Tuesday, September 20, 2011

Out of Season

Life is a series of milestones, and I have reached another one. This one has to do with winter. Thirty years ago, I loved winter, I looked forward to winter. Some time in the 1980s, Masterpiece Theater presented a dramatization of The Last Place on Earth, the story of Robert Falcon Scott and Roald Amundsen racing to the South Pole. That winter, as I walked to Dairy Mart each morning for the paper, the snow crunching beneath my feet, and the bitterly cold wind blowing off the ice-covered lake, I pictured myself slogging across Antarctica. Just to be on the safe side, I traveled with the Norwegians rather than with the always confidant but hopelessly incompetent Scott.

Shoveling snow was a challenge then, especially as the snow piled up and there was no more room to put it between our house and the neighbor's fence. I had to carry the excess to the backyard by the shovel full. But it was a welcome challenge. A job that once done, I wanted to say, "Come on, Mother Nature, is that the best you can do?" Then, oh so pleased with my indomitable spirit, I went inside for some hot chocolate.
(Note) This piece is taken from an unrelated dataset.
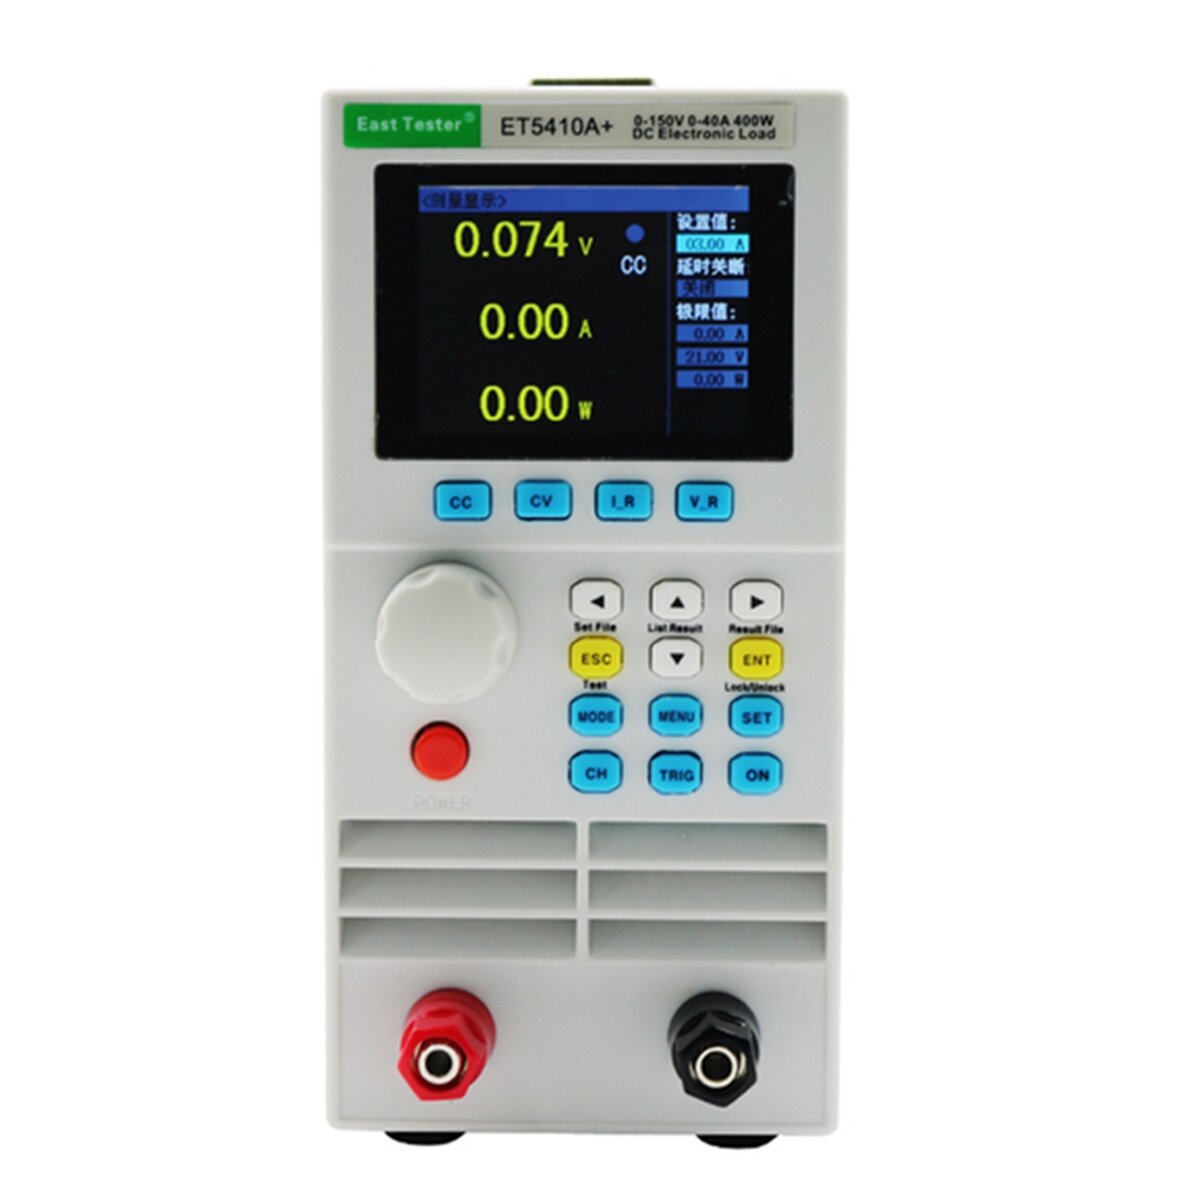 ET5410A+ Programmable DC Electronic Load Digital Control Load Electronic Battery Tester Load Meter

Around the middle of February every year, winter would be interrupted by three or four spring-like days. Only then did my thoughts turn to warm winds and sunshine. When the seasonable weather returned, which it inevitably did, winter had lost its luster.

As the years past, winter began to lose its thrill. Well, maybe it didn't lose its thrill, but the thrill didn't last as long. For a while, I was fed up with winter by Groundhog's Day. A few years later, it was the middle of January, and by the turn of the century, a white Christmas seemed like a suitable finale for winter. I still looked forward to the first snowfall of the season, but not for long. Five or six years ago, the day we returned to standard time was the last of a string of wonderful fall days. It was followed by two weeks of unrelenting overcast and frequent rain. A dark and depressing fortnight that left me sick of winter several days before the first flurry fluttered by the window.

Which brings me to today's milestone. It's Tuesday; the autumnal equinox is Friday. Summer isn't over yet, and I'm already sick of winter. That's never happened before.